Everything was broken. Everything, all of it. Shattered into a million crystalline shards, irreplaceable. Everything glittered with a celestial afterglow as the last effects of the explosion wore off. Things glinted, like insects, flitting airily through the Mist-lit glade. Even Feywood, ever in a state of twilight, had darkened. Night had fallen on Ivalice at last.
And here; there was a heart just as broken, just as disturbed.
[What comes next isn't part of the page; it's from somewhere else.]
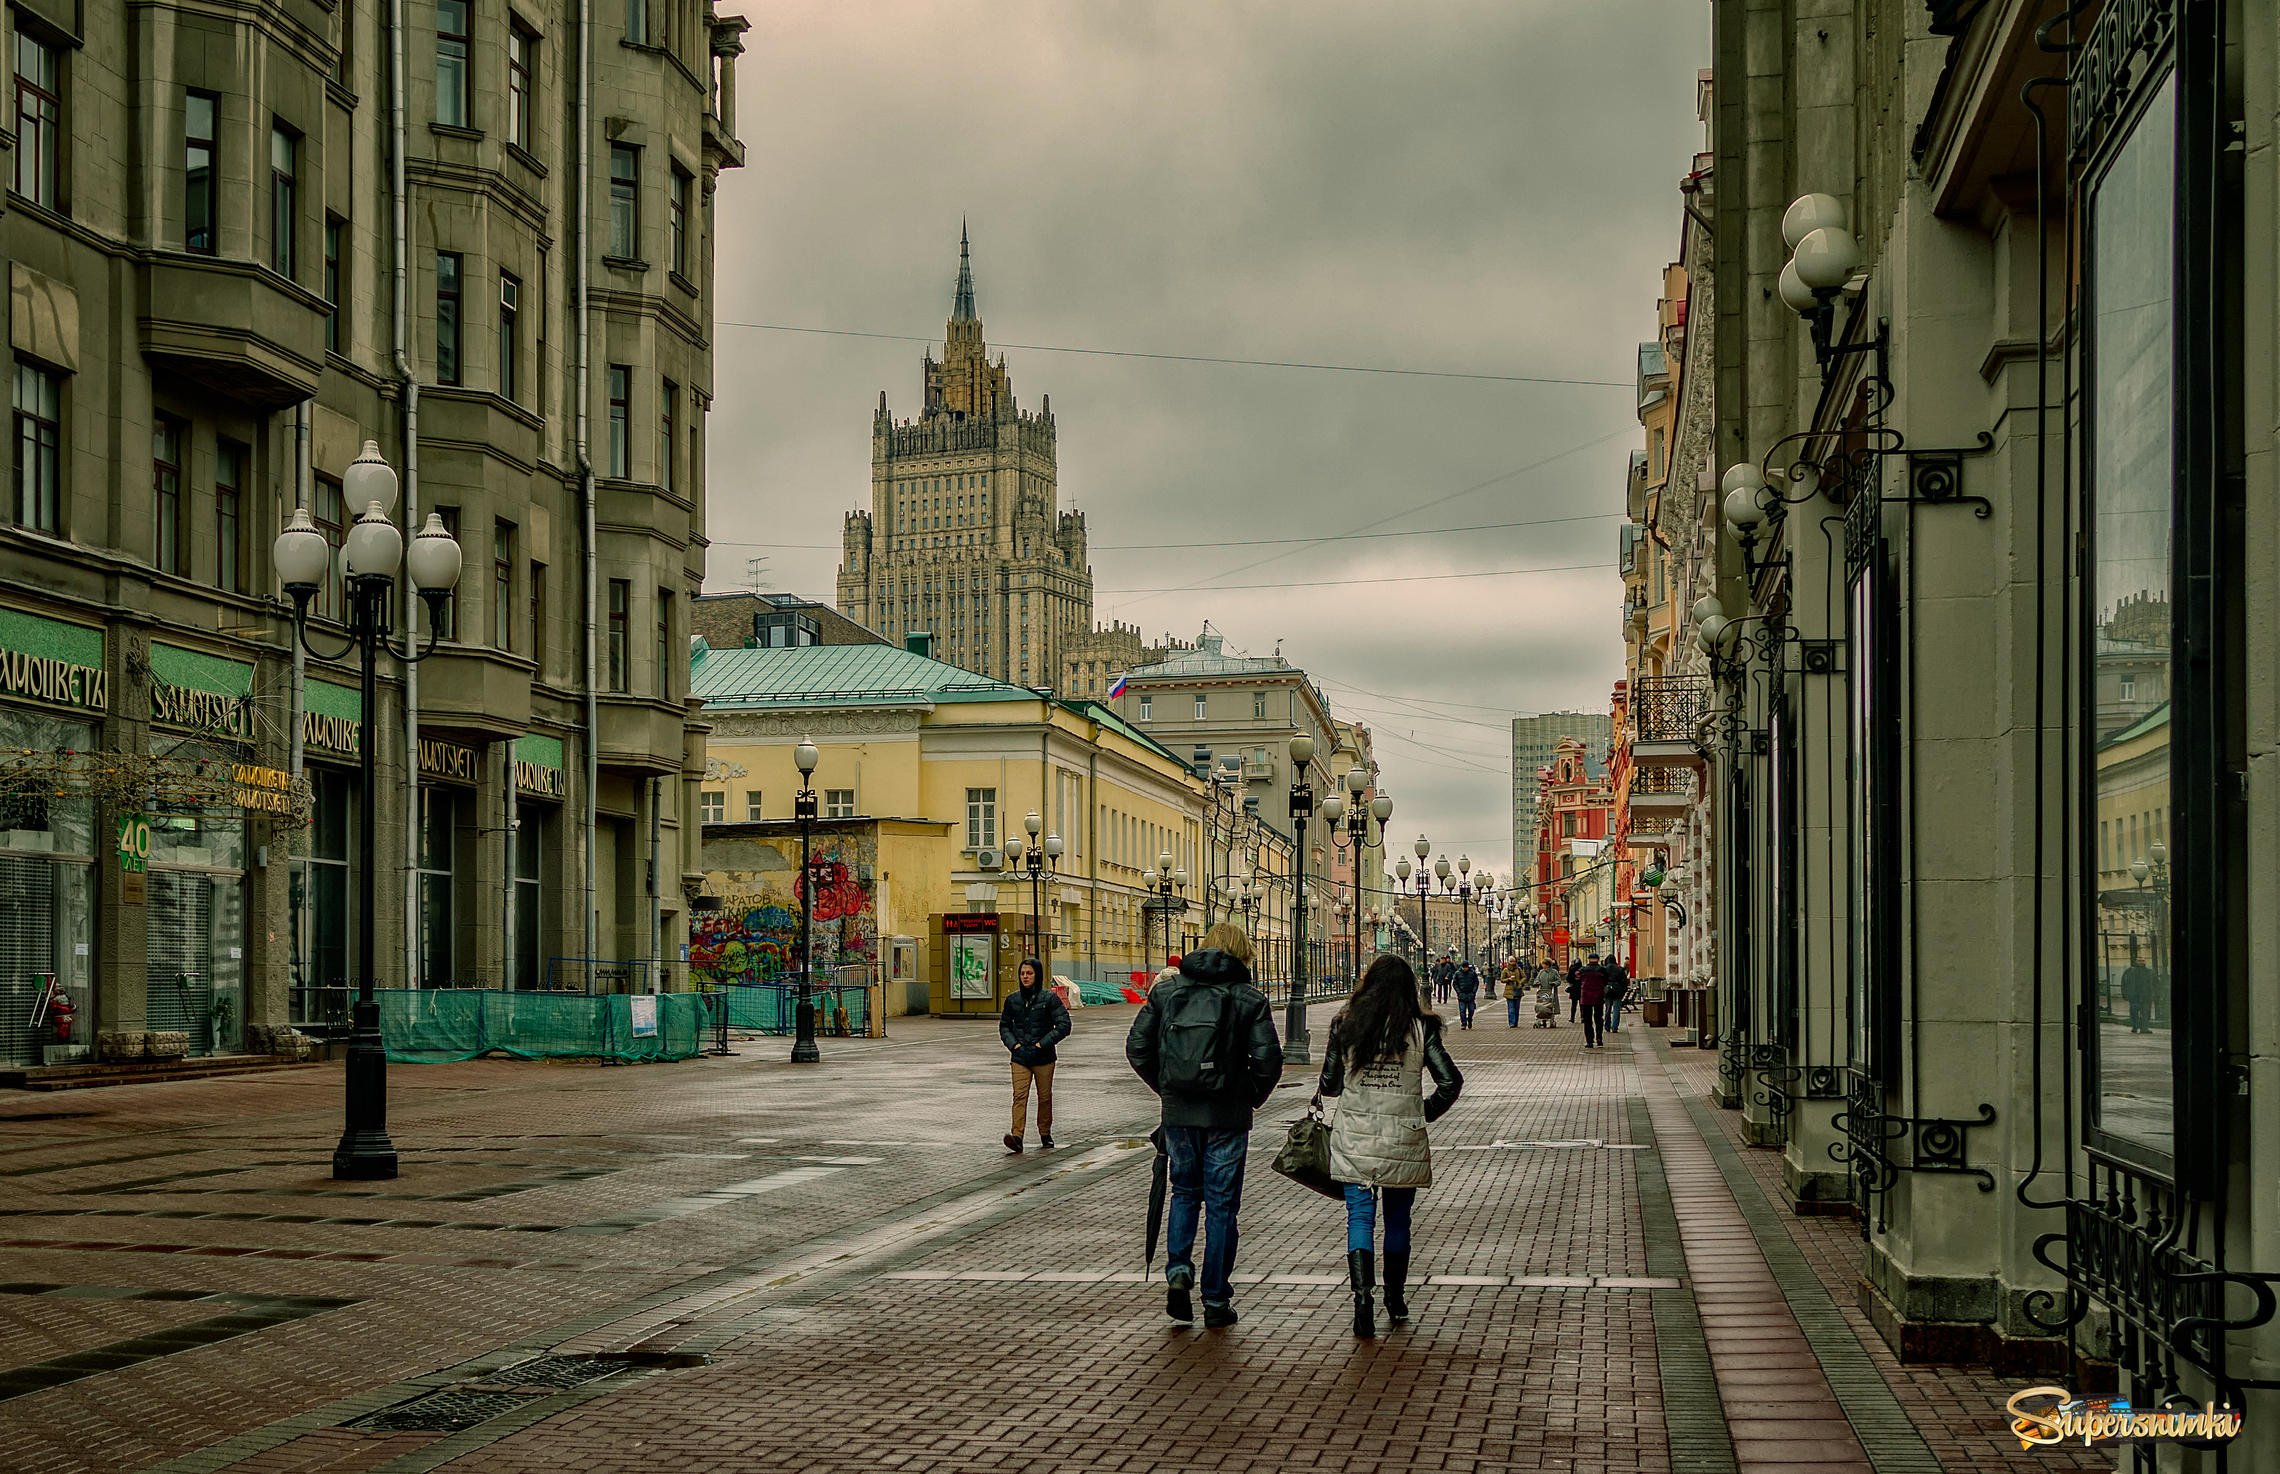 Арбатская улица москва. Улица Арбат в Москве. Старый Арбат и новый Арбат. Старый Арбат пешеходная улица.

A heart with the same alien iridescence that coats everything, like a malevolent snail trail, gleaming stickily.
And here; a warrior. A warrior with a heart so disturbed that she thinks on letting her bow fall and allowing the swarm of fiends to overcome her. To rend and tear. To break.
Her state can be described succinctly, but somewhat nonsensically. Though the word is a perfect adjective for her state, and makes perfect sense, it is also meaningless, non existent and downright overly romantic for the haggard, ice encased heart of a renegade Viera in love with so many, so much, so few, so little.
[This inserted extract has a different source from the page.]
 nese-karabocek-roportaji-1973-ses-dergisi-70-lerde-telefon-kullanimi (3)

And here; those who had captured her, enraptured her, broken her so deeply, stood stolid by her side, ready to fight, to protect her at all costs, to lose it all, to break more than just hearts and souls, to break more than sanity.
And here; Fran watches with the darkness of the light in her eyes; she knows the state of affairs, of her mind, and of her love. She knows it all, and her adoration for them makes her happy, even when facing death, so long as she is at their side.
The pictures in her mind are bright and faded with that same light-darkness, like a Summer night which refuses to darken. Those same pictures. It's like they're talking to her, telling her it's not right, but it should be, her train of thought going off the rails and crashing into emotional wreckage far below.
She's a thief in the night, creeping up to steal hearts, to pull them under. A disease in her mind erodes everything, and it all sparkles then and like burning plastic, melts into a twisted mess of colour, an ashen euphoria.
The strange effervescent quality of her vision shredded her already broken mind, and she felt her legs giving way, her ears ringing, the blurred image of ice shattering before her culminating into a blast of such gravity that she was thrown backwards.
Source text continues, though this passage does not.